Components of Your Personal Trainer’s Fitness Assessment
As you go about your search for a Chicago personal trainer, it’s good to have an understanding of how exercise programming begins. And it begins with what is called a proper fitness assessment, which is typically performed by your certified personal trainer.
The fitness assessment basically measures your current fitness levels, and determines if you are prone to certain health risks that may become an issue in your fitness training. It’s also a means of helping your personal trainer in Chicago gather data about how fit you are, and what your body can take, which will then be used as a basis for developing an individualized program, identifying training goals and objectives, and maximizing the efficiency of the time you’ll be spending at the gym.

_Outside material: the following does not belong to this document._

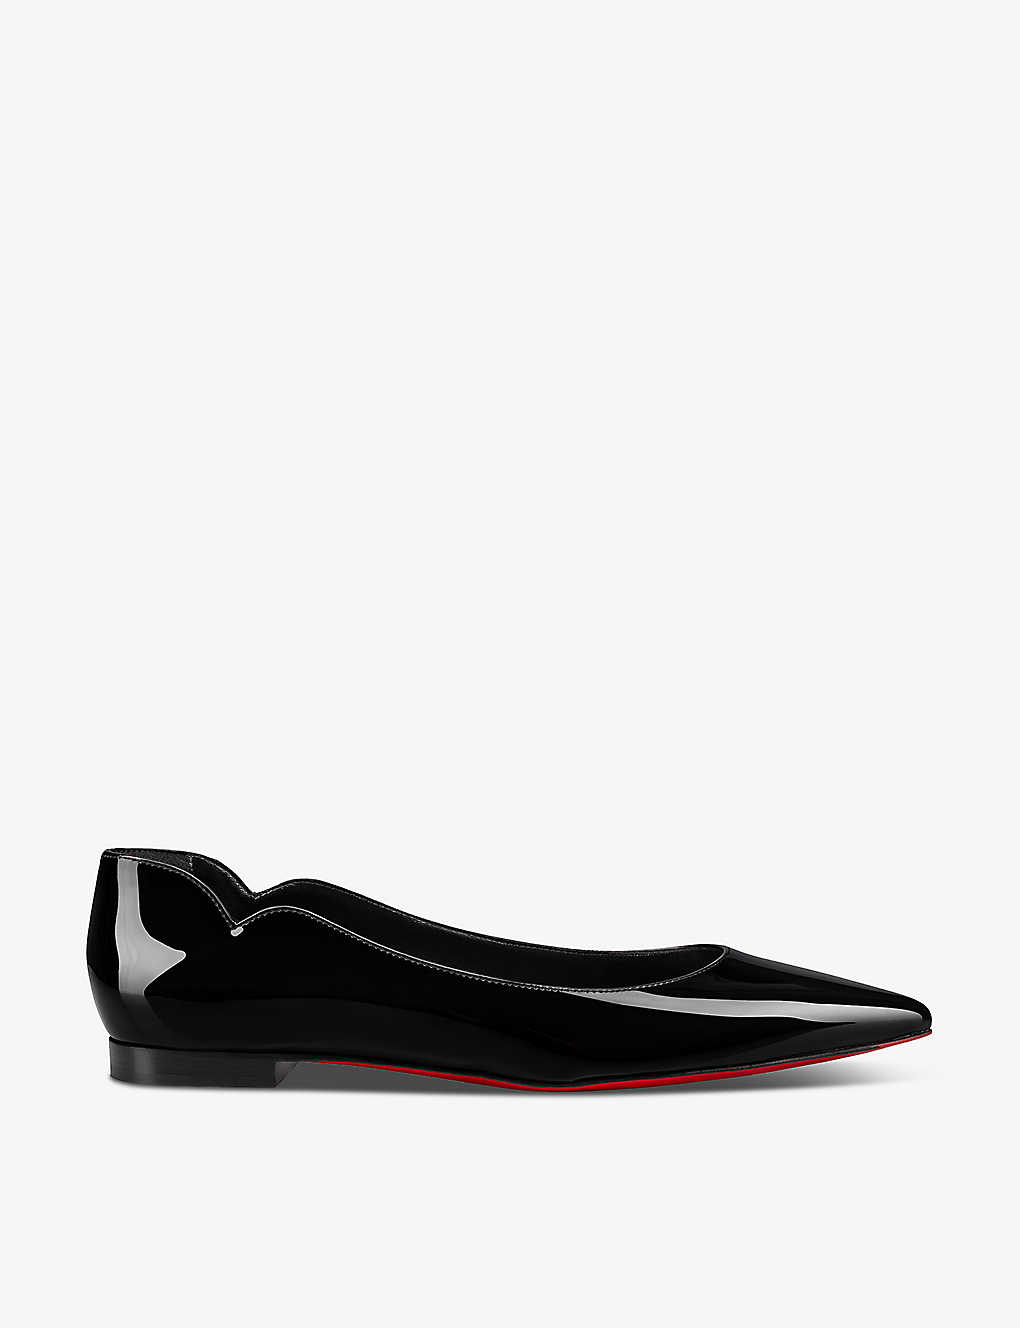 Shop Christian Louboutin Women's Black Hot Chickita Pointed-toe Patent-leather Pumps
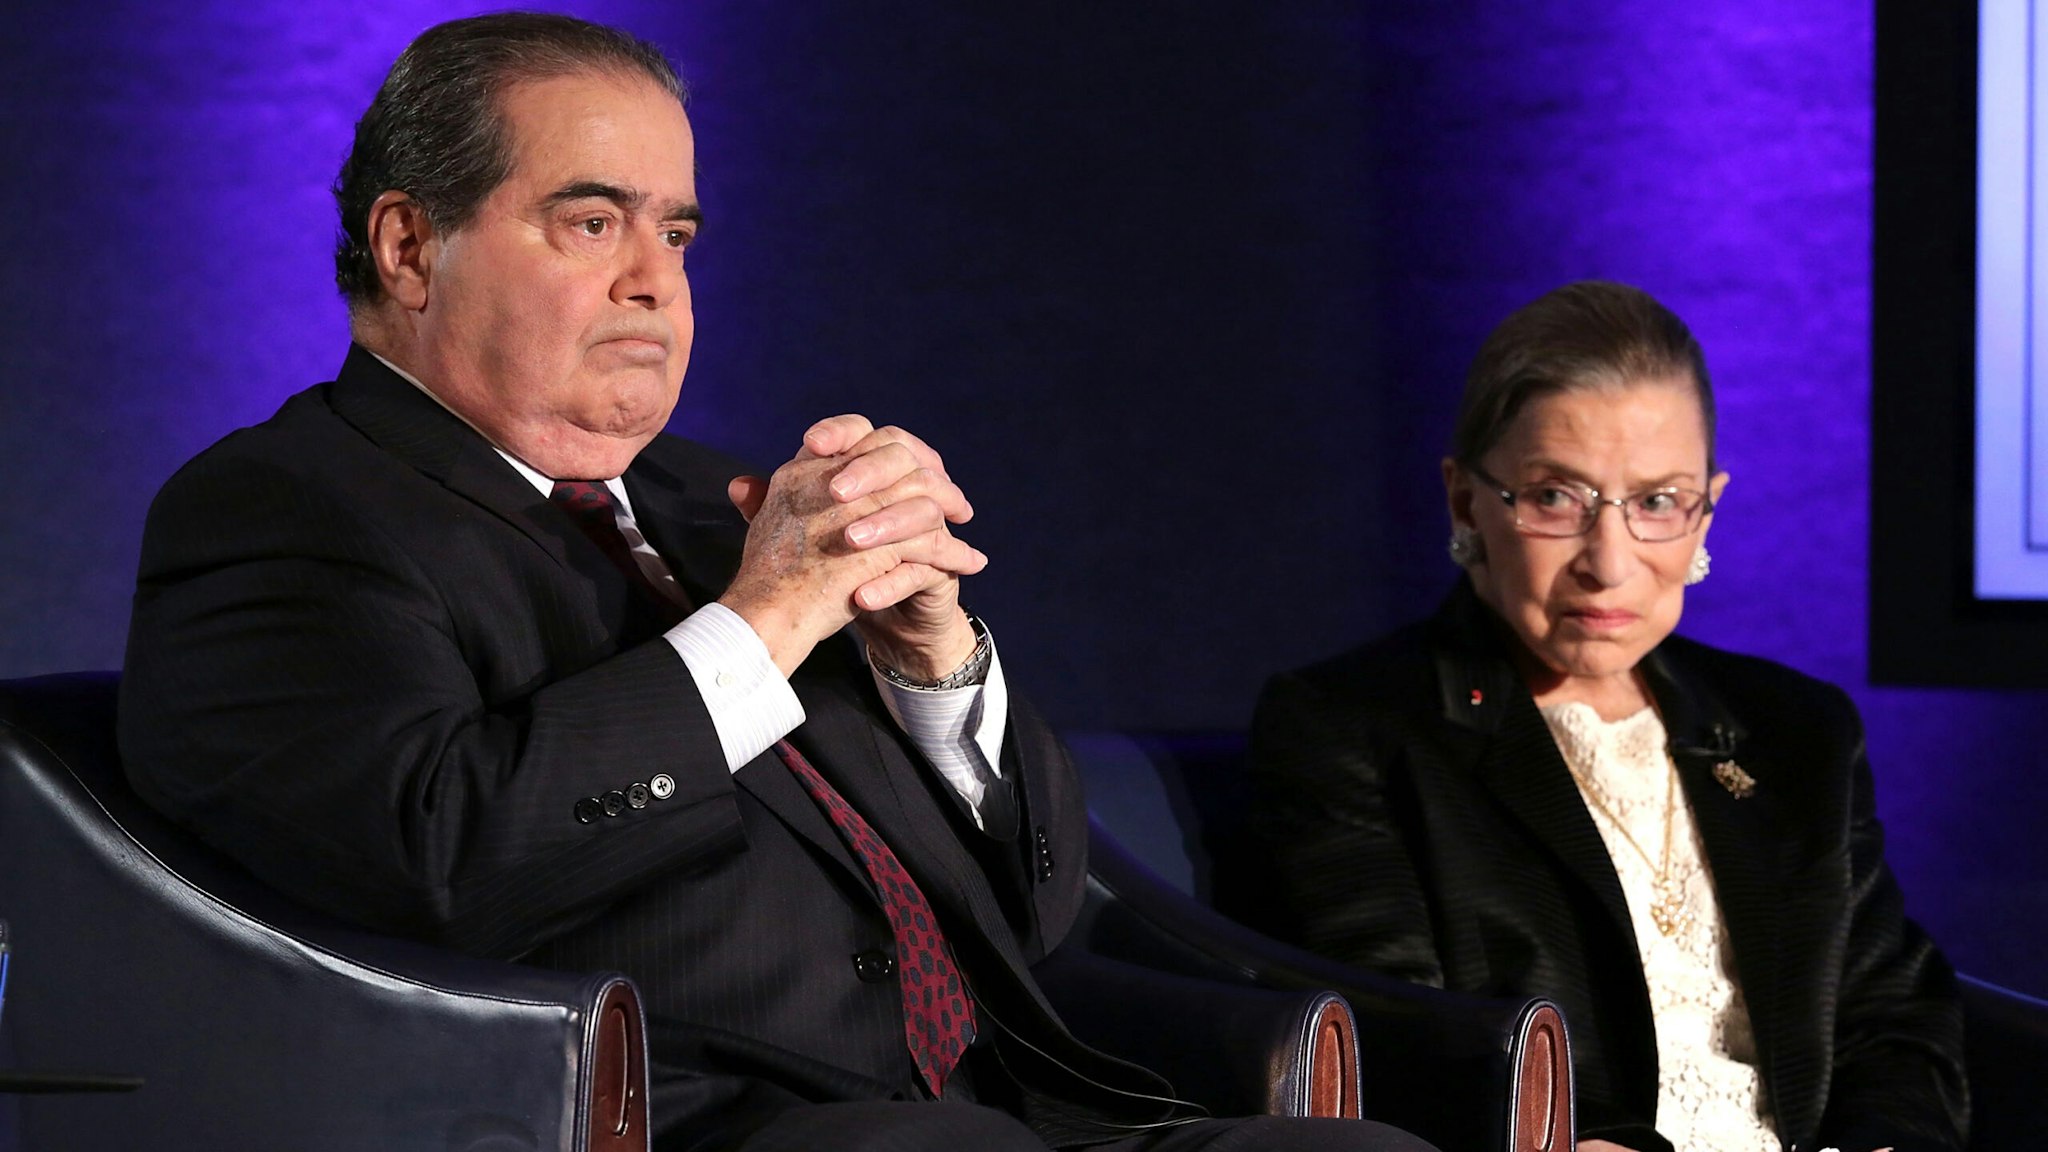 WASHINGTON, DC - APRIL 17: Supreme Court Justices Antonin Scalia (L) and Ruth Bader Ginsburg (R) wait for the beginning of the taping of "The Kalb Report" April 17, 2014 at the National Press Club in Washington, DC. The Kalb Report is a discussion of media ethics and responsibility at the National Press Club held each month.

What are the components of a fitness assessment? To begin with, these components are meant to evaluate the following areas of fitness:
- Body composition
- Cardiovascular endurance
- Flexibility
- Muscular endurance
- Muscular strength
- Agility
- Balance
- Coordination
- Power
- Reaction time
- Speed / dynamic mobility
Your personal Chicago trainer will be looking at each of these as he or she writes out the recommendations for the intensities and volumes of your workout exercises. Of course, the fitness assessment is going to be performed more than once: every three or four months, or whatever is suitable enough for your personal trainer to be able to monitor your progress. That way, you will also be able to know if the hard work you’re putting at the gym is paying off.
Here are the other objectives of your Chicago personal trainer’s first fitness assessment:
- To identify strengths and weaknesses that may affect the design of your program;
- To identify potential risks of injury, as well as contraindications before you get on with you program;
- To collect data that will serve in the future as a means of measuring improvement and rate of progress;
- To assist in identifying short-term, intermediate, and long-term training objectives;
- To assist in the determination of appropriate exercise intensities and volumes (That way, you’ll know that your trainer didn’t pull the number of your reps from the air!).
As your personal trainer performs the fitness assessment, he or she will give you certain instructions. These vary from trainer to trainer, but you can typically expect the following:
- Postural assessment, in which the trainer aims to look at the alignment of your body, from head to feet, as you stand up or walk;
- Movement analysis, in which your trainer takes notes on your ability to maintain proper joint alignment while performing, for example, squats, lunges, pull-ups, and pushups;
- Flexibility assessment, in which the trainer looks at which individual muscles or muscle groups need strengthening and lengthening; this is usually done by way of a set of stretching exercises.
A certified personal trainer will also be measuring your body composition (or body fat percentage), which should guide you as you make decisions regarding your diet and exercise program. Don’t worry if your Chicago personal trainer begins to measure folds of your skin using calipers; it’s all with the view of helping you set realistic and challenging training goals.
Other components that may be included as the trainer assesses your fitness levels are:
- Resting heart rate
- Target heart rate zone
- Blood pressure
- Body mass index
- VO2 max (a clinical measurement of how efficiently your body can use oxygen during aerobic exercise)
Given all these details, what can you, as a client, expect from the results of a fitness assessment as conducted by your Chicago personal trainer? One is that you’ll be able to determine if your diet is consistent with your training and fitness goals. The assessment will also let you know if your program is delivering the results that you’re looking for: have you been working out hard enough? Are you right on track, or do you feel like you need more kinds of exercise in addition to your training session? Is your current diet supporting the work that you’ve done at the gym?
The answers to these questions – and more – are not possible without the fitness assessment. So play an active part as your personal trainer works to find out what it takes to help you live a healthy and fit lifestyle.